## [SUPPLIED RECORDS]
==============================
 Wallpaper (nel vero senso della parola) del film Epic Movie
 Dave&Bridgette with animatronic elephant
==============================
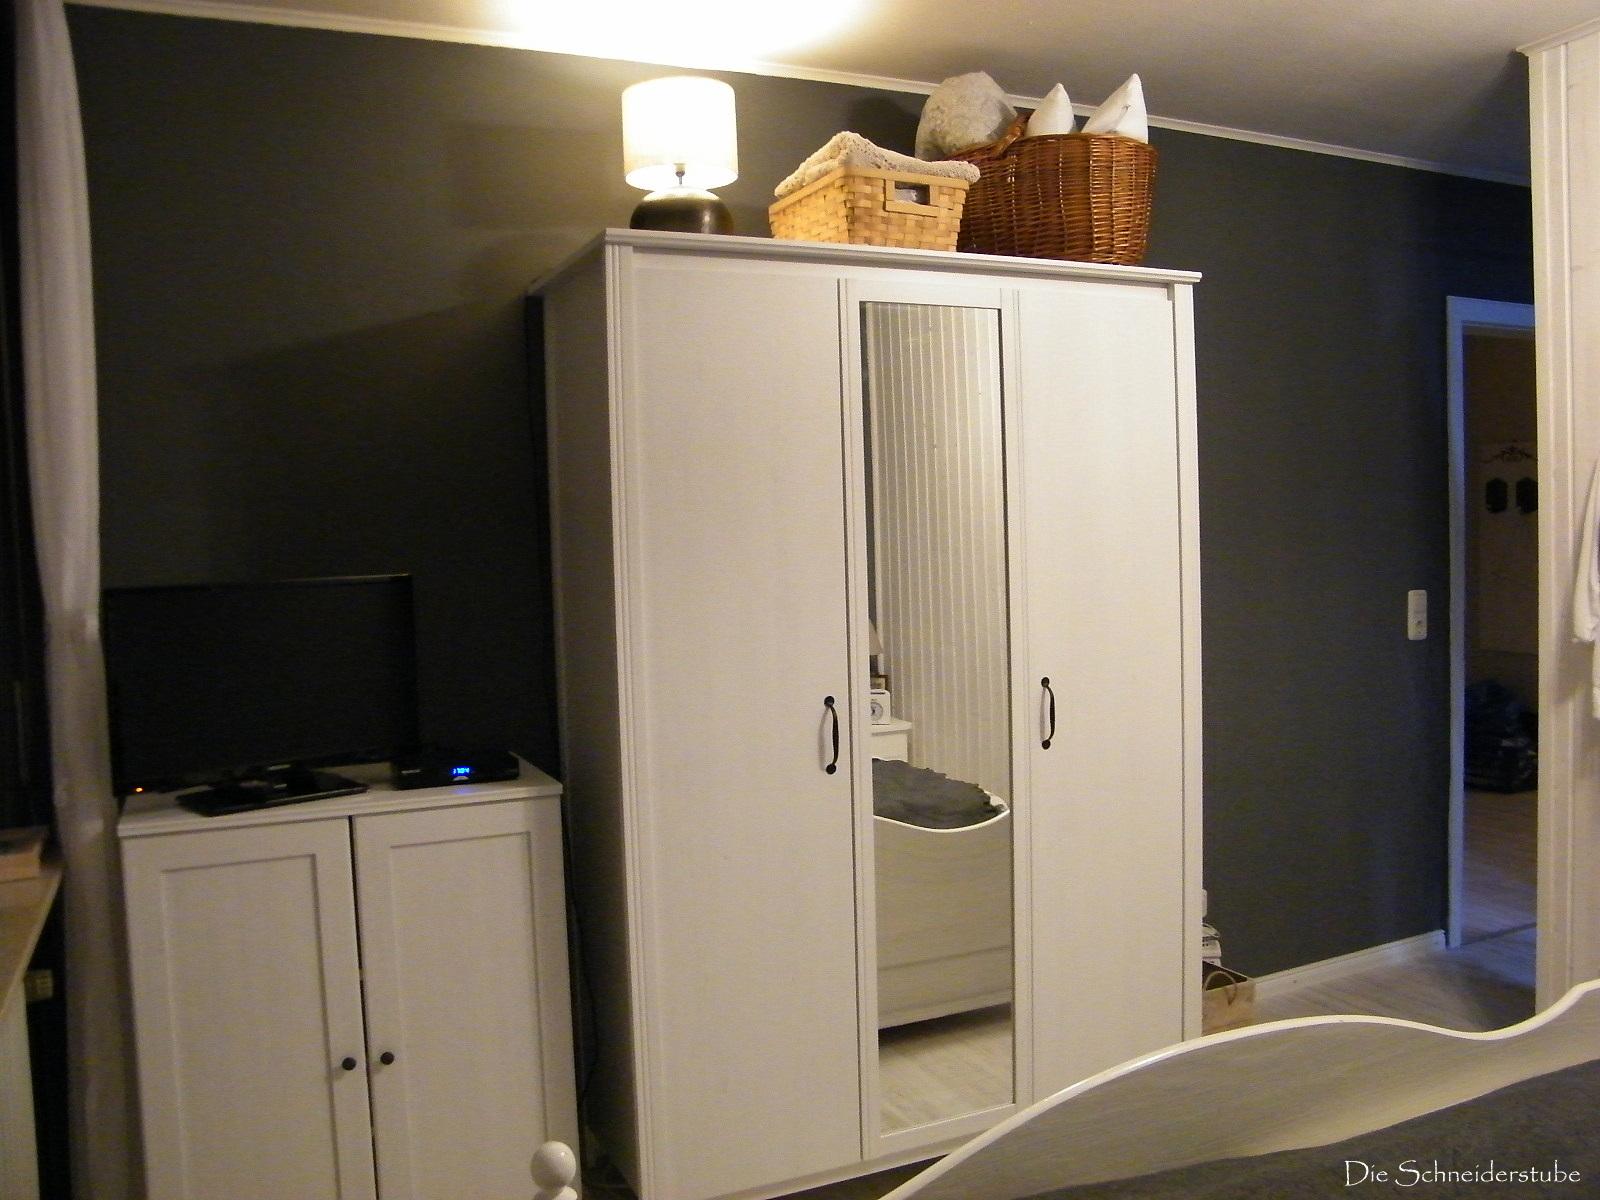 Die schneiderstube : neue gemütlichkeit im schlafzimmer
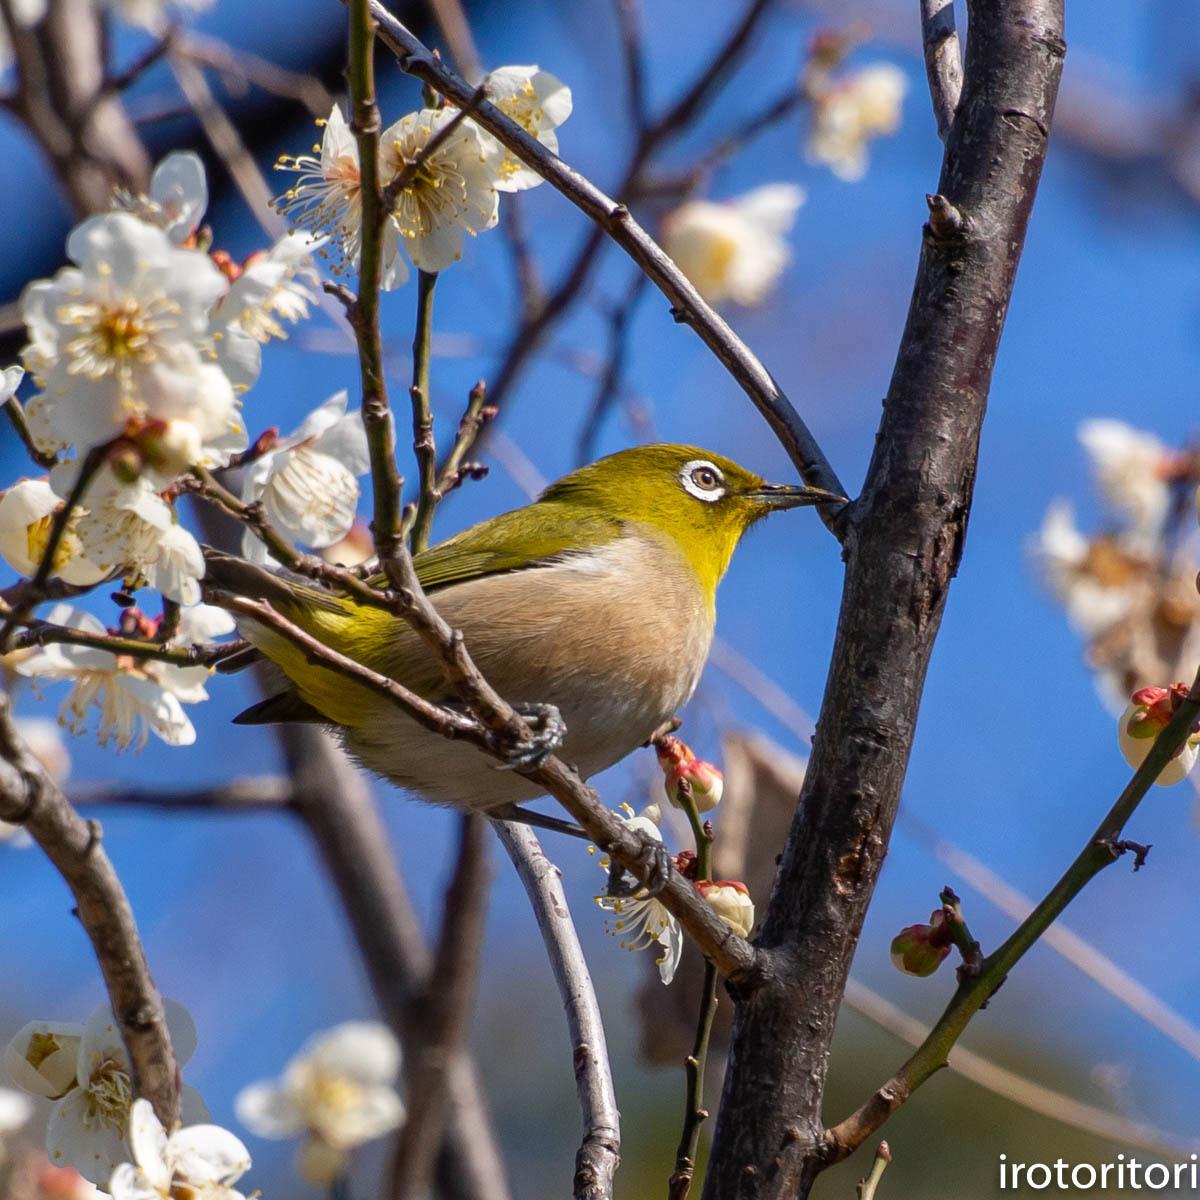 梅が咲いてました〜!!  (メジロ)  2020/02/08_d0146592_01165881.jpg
==============================
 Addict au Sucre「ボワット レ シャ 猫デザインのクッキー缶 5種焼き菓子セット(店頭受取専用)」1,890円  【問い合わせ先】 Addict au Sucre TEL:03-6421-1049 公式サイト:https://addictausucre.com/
==============================
## [THE PROBLEM]
In the records above, find the line with "Wallpaper (nel vero"; write out exactly that line and each one after it, stopping after the line with "Dave&Bridgette with animatronic elephant".

## [RESPONSE FOR THIS EXERCISE]
 Wallpaper (nel vero senso della parola) del film Epic Movie
 Dave&Bridgette with animatronic elephant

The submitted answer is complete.